保育園の入園可否が決まるこの時期。入園が決まった人、決まらなかった人がいる状況で、誰もが願うのは「希望する全ての人が保育園を利用できること」ではないだろうか。

そんな中、永田町の議員会館に150人以上が集まり、今本当に必要な子育て政策とは何か、考える集会「#保育園に入りたい を本気で語ろう」が開かれた。

  • 集会には150以上の人が集まった

保育目標「32万人」は正しいの?

「希望するみんなが保育園に入れる社会をめざす会」が開催した今回の集会。駒崎弘樹さん(認定NPO法人フローレンス 代表理事)、高崎順子さん(『フランスはどう少子化を克服したか』著者)、てぃ先生(保育士)、堀潤さん(ジャーナリスト)などの有識者が議論を交わした。

まず駒崎さんが保育の現状について語り、「待機児童の背景には"申し込んでも無理だ"と諦めて入園の申し込みすらしていない"潜在待機児童"もいる」と主張。認可保育園には入れなかったものの、認証保育園など、自治体が認めている保育園に入園した人などは待機児童に含まれず、保育の需要が正確に把握できていないのではないかと訴えた。

  • 駒崎弘樹さん(認定NPO法人フローレンス 代表理事)

現在、国が2020年までに必要と試算した保育の整備量は32万人とのこと。一方で、シンクタンクの中には90万人弱と試算するケースもあり、ファシリテーターを務めた堀さんは「潜在的なニーズをどうやって計測するべきか、きちんと提案していく必要がある」とまとめた。

  • 堀潤さん(ジャーナリスト)

子育て政策にもっとお金を

高崎さんはフランスの保育事情について解説。日本よりも国家予算規模が少ない中で、子育て政策に関しては日本を上回る額を支出していることに触れ、「なぜ日本は保育にお金をかけないのか、しつこく言っていくべき」と主張した。
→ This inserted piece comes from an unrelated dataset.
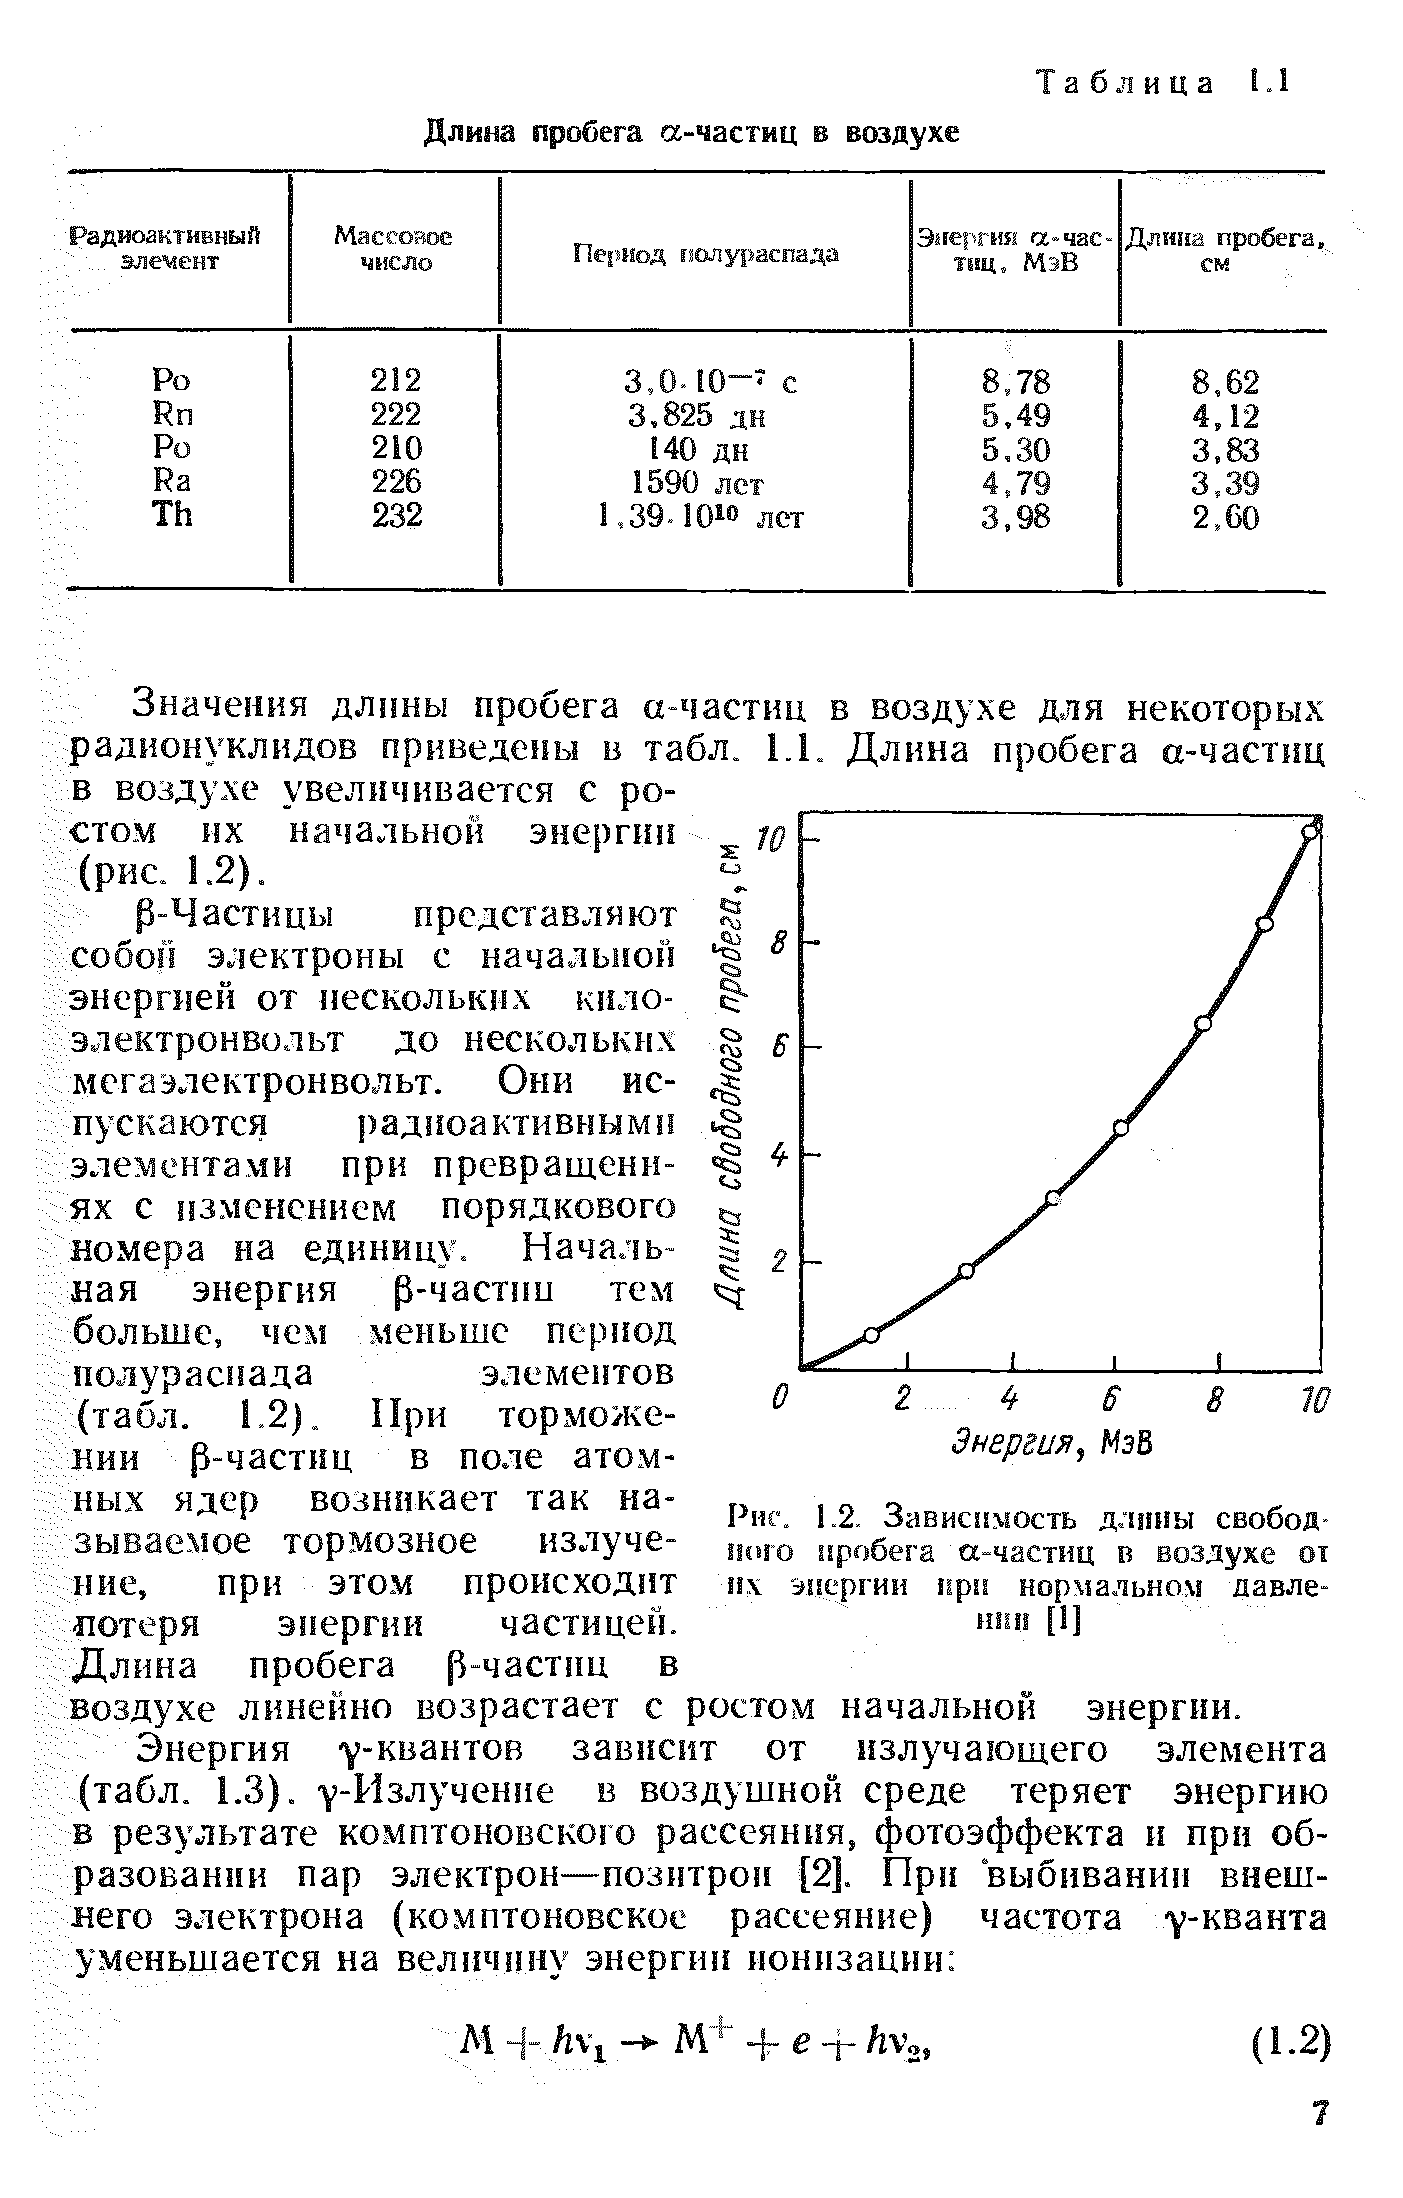 Значения длины пробега а-частиц в воздухе для некоторых радионуклидов приведены в табл. 1.1. Длина пробега а-частнц в воздухе увеличивается с ростом их начальной энергии (рис. 1.2).

また、育児休暇取得者の権利維持が法に定められていて、遵守しない雇用者には罰則があるというフランスの事例も紹介。「日本では"子育てに優しい企業には●●マークを与えます"というインセンティブの施策が中心」と語り、両国の違いを指摘した。

  • 高崎順子さん(『フランスはどう少子化を克服したか』著者)

高崎さんの解説を受けて、てぃ先生も「現場の人間としては、保育にかけるお金が少ないと、保育の質を十分に保つことが難しい感じる」と主張。「1歳や2歳の子ども6人を1人でみるという日本の基準では、一人ひとりに合った保育をするのは大変」と現状を語った。

続けて「子どもをみる以外の業務の無駄があまりにも多すぎる」と問題点も指摘。手書きの連絡帳を夕方迎えに来る保護者に手渡すことにこだわるあまり、保育士の休憩時間にもあたる子どものお昼寝中に、連絡帳の記入を行わなければならない現状を例に出した。

「例えば連絡帳をICT化すれば、保育の後に記入して、保護者の帰宅後、連絡帳の内容を配信することも可能になり、保育士が休憩を取ることもできる。しかし、全く普及していない」(てぃ先生)。保育士の労働環境を取り巻く状況を変えなければ、保育士は増えないと訴えた。

  • てぃ先生(保育士)

声をあげ続けることが大事

最後に「"喉元過ぎれば熱さを忘れてしまう"というのが、待機児童問題の解決が遅れている原因の一つ」と駒崎さん。確かに、保育園に子どもを入れることができたあとは、問題について忘れていってしまいがち。声をあげる当事者が移り変わる中で、活動の継続が難しいという背景もある。

駒崎さんは「保育園に入れたとしても、入れなかった人たち、今困っている人たちに思いをはせて、活動しつづけてほしい」と訴えた。